__EXERCISE__
Take the material below and output exactly the run of lines from the one containing "The Memevengers (part 1) |" down to the one containing "Key West Southernmost", with both included.

:: GIVEN RECORDS

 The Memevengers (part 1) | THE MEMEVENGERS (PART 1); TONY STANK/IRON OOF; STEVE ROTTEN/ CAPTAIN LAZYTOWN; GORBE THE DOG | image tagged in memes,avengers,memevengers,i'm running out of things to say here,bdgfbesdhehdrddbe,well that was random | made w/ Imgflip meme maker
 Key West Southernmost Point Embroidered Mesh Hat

::::
:: GIVEN RECORDS

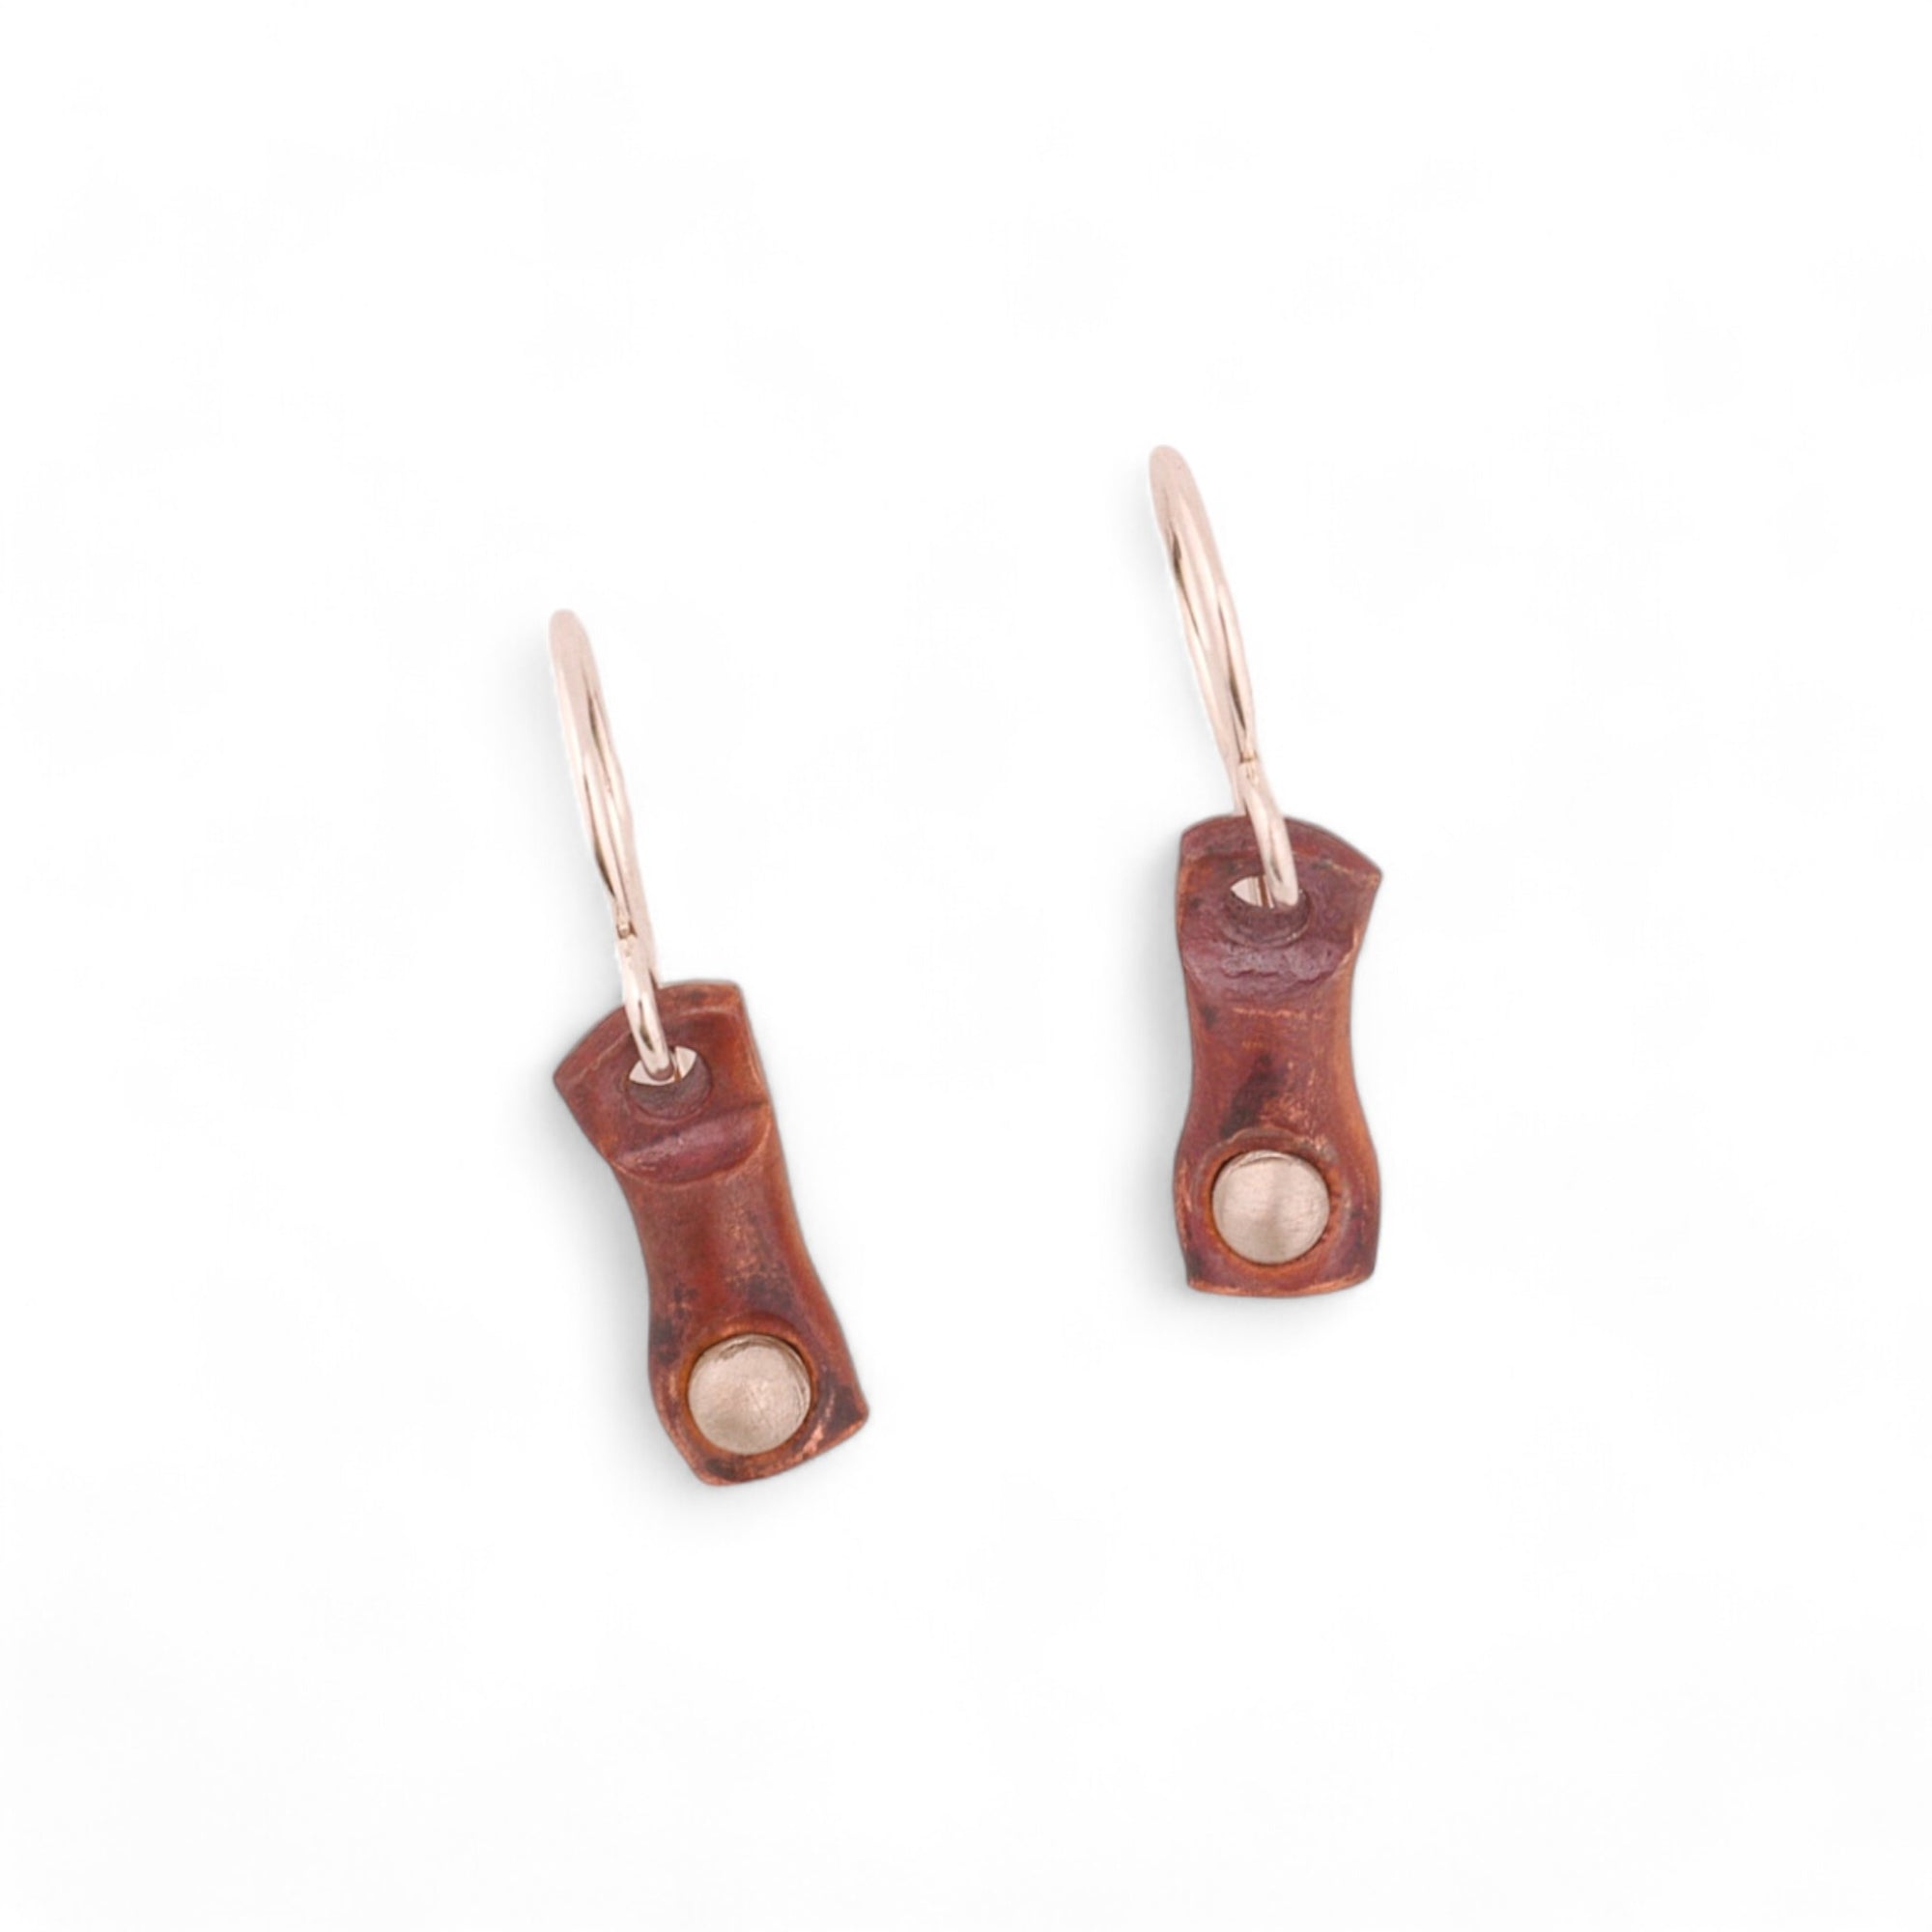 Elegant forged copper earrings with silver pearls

::::

__ANSWER AREA__
 The Memevengers (part 1) | THE MEMEVENGERS (PART 1); TONY STANK/IRON OOF; STEVE ROTTEN/ CAPTAIN LAZYTOWN; GORBE THE DOG | image tagged in memes,avengers,memevengers,i'm running out of things to say here,bdgfbesdhehdrddbe,well that was random | made w/ Imgflip meme maker
 Key West Southernmost Point Embroidered Mesh Hat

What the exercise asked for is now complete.